Broccoli Slaw with Oranges and Crunchy Noodles

Dry ramen noodles are crumbled and toasted before adding to this napa cabbage slaw with fruit. As the ramen are mixed and allowed to marinate into the slaw, they rehydrate into soft noodles. I use canned mandarin oranges or the refrigerated oranges in a glass jar.

http://www.myrecipes.com/recipe/broccoli-slaw-with-oranges-50400000107429/

Napa Cabbage and Snow Pea Slaw

A delicious fresh Asian style salad from Cooking Light.com

http://www.myrecipes.com/recipe/napa-cabbage-snow-pea-slaw-10000000630177/

And here is a simpler version! Nina’s Napa Cabbage and Snow Pea Slaw

Nina’s Napa Cabbage Snow Pea Slaw

Here is another variation to this salad I made this week. So fresh! Serve it immediately and use it within 2 days to insure crispness!

1 medium head Napa cabbage, sliced thin horizontally

2 bunches green onion, sliced thin horizontally

1 quart snow peas, string removed, sliced in strips lenghwise, 4 or 5 strips per pod

2 red bell peppers, sliced thin horizontally and cut in half crosswise

1 small bunch cilantro, chopped

Dressing:

2-4 tablespoons grated fresh ginger

6 tablespoons sugar

6 tablespoons fresh lime juice

4 tablespoons fish sauce

1 tablespoon sesame oil

1/8 teaspoon cayenne pepper

Whisk together dressing ingredients. In a very large bowl combine vegetables. Toss in dressing just before serving. Delish!

Curry Dip

A recipe from Strongbow’s Turkey Inn, where I worked in the buffet and catering kitchen during my college years at Valparaiso University. This veggie dip has a beautiful brilliant yellow color! Thank you Chuggie!

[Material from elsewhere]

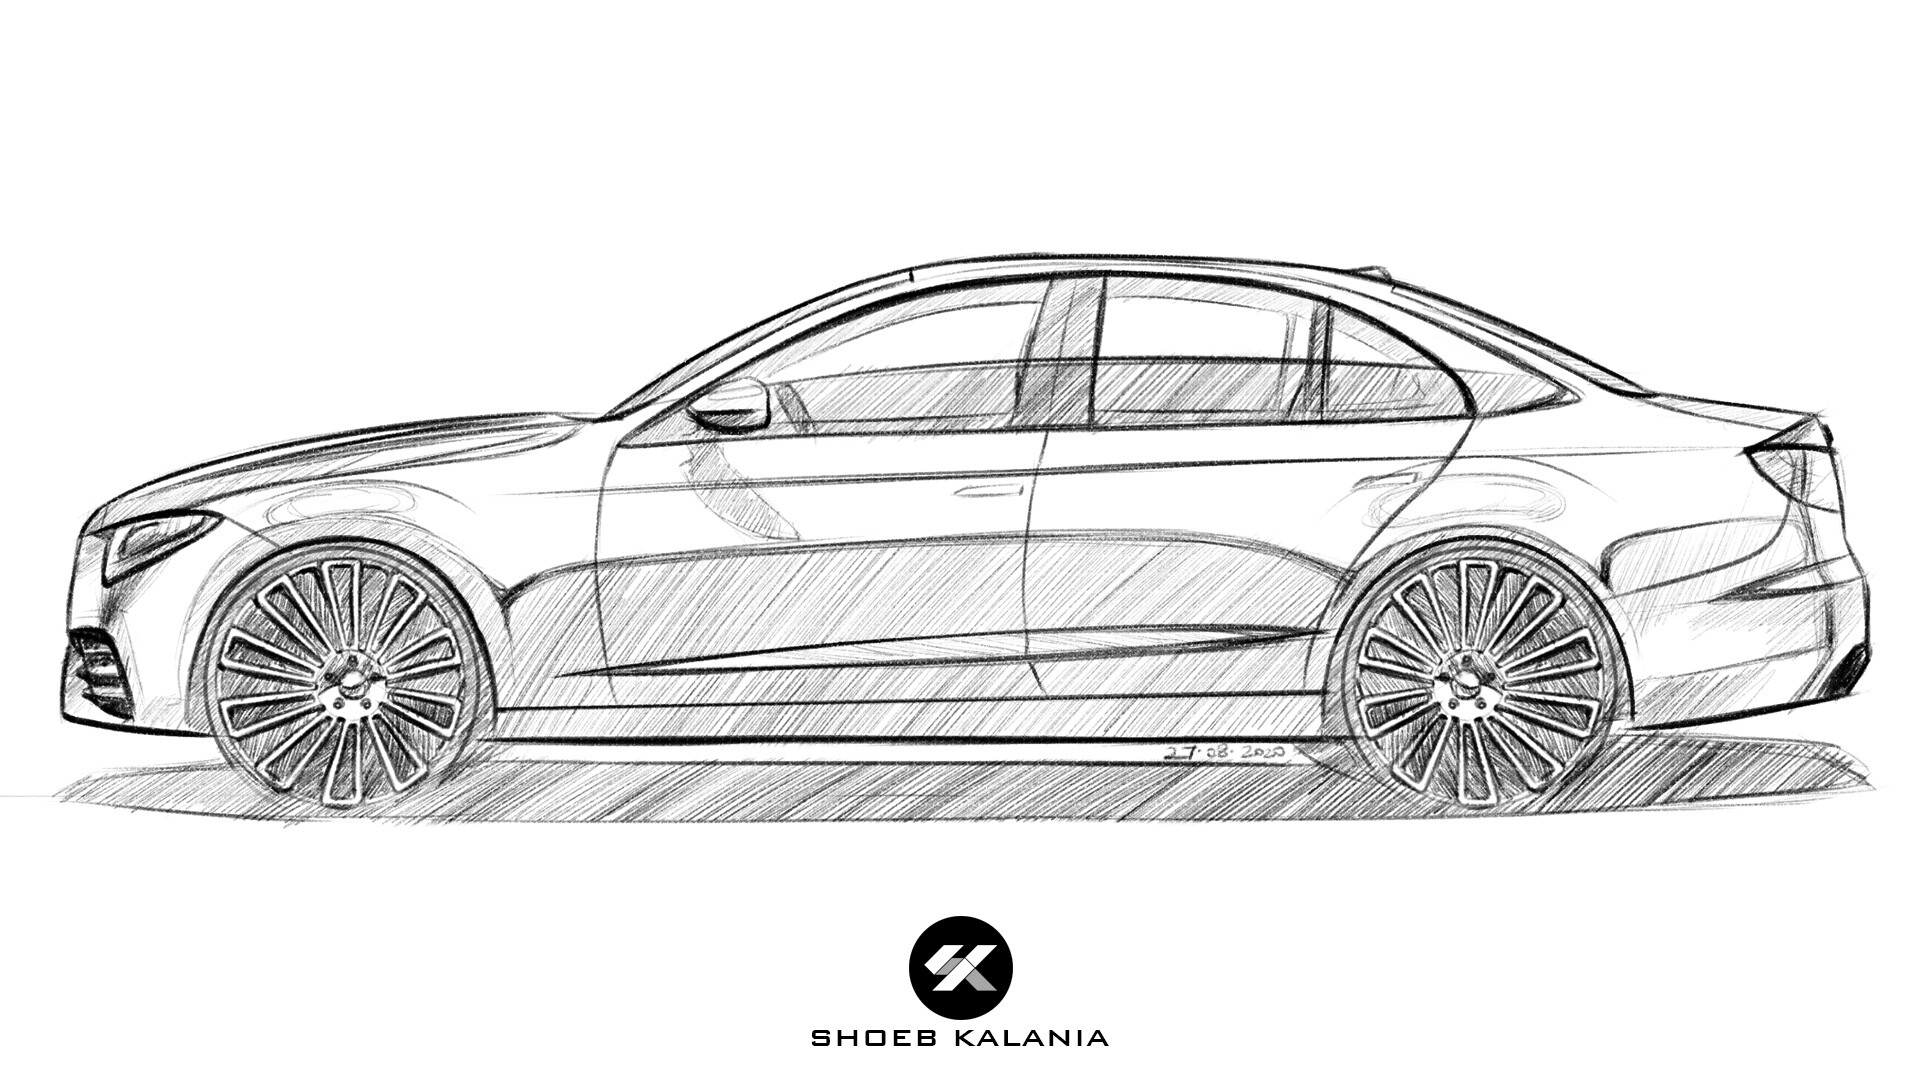 Mercedes Benz CL 63 AMG Realistic Car Drawing by MaxBechtold on DeviantArt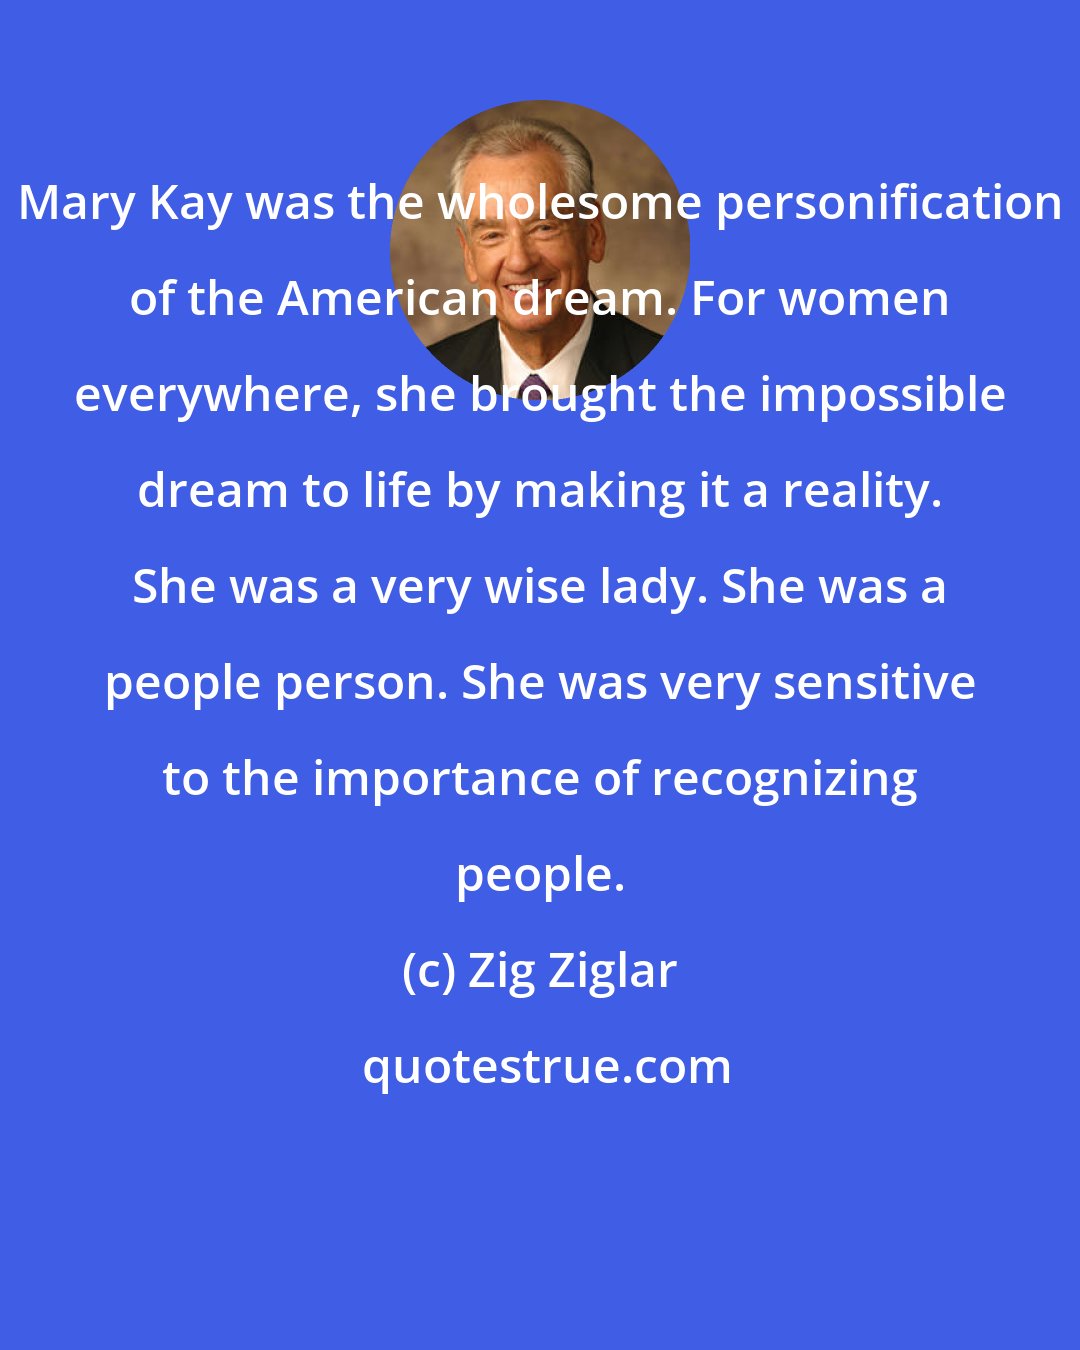 Zig Ziglar: Mary Kay was the wholesome personification of the American dream. For women everywhere, she brought the impossible dream to life by making it a reality. She was a very wise lady. She was a people person. She was very sensitive to the importance of recognizing people.

2 cups mayonnaise (I prefer Hellman’s)

1/2 cup sour cream

1/4 teaspoon tumeric

1 Tablespoon curry powder

1/2 teaspoon garlic powder

4 teaspoons sugar

2 teaspoons lemon juice or lemosa from the bar

Whisk together and serve with fresh veggies! You can substitute light mayonnaise and Greek style yogurt for the mayo and sour cream. I prefer a 50:50 ratio. I also like the Madras style curry powder.

Quick Roasted Red Peppers

Raw red bell peppers tossed with olive oil and sprinkled with salt 

After 30 minutes or so in the hot oven, the juices and peppers begin to carmelize in the baking pan.

You can add fresh basil strips after the peppers are roasted

Roasted Peppers served here with Spicy Cilantro Cole Slaw and Grilled Hamburgers.

  • Wash 4-8 red bell peppers. Remove the stem, cut in half and seed.
  •  Cut in half again and place cut side down on a shallow baking pan about 17 x 13 inches in size.
  •  Sprinkle peppers with olive oil and rub to cover peppers with oil.
  • Sprinkle with flaked sea salt or kosher salt.
  • Add several stems of fresh rosemary if you like 
  • Bake at 400 degrees for 30 minutes, or until tender and the juices are slightly carmelizing in the pan. Remove from oven.
  • If you haven’t added the Rosemary, you can add several basil leaves, cut julienne style and toss over the peppers in the baking pan. Let sit 5 minutes.
  • Use a metal spatula to remove the peppers to the serving plate and serve warm.
  • You can reheat the peppers, but handle them gently.

Candied Sweet Potatoes

This recipe comes from my mom, Sonia Sanders.  I added the vanilla, cayenne pepper, lemon juice and lemon rind alla Paul Prudhomme.

Ingredients nd Directions

4 pounds sweet potatoes (about 7)

1. Wash potatoes well. Prick each several times with a fork. Bake in a 400 degree oven just until tender. Or cook in a pressure cooker with 1 cup water for 10 minutes. Potatoes are done when easily pricked with a fork or knife. Let set until they are cool enough to handle.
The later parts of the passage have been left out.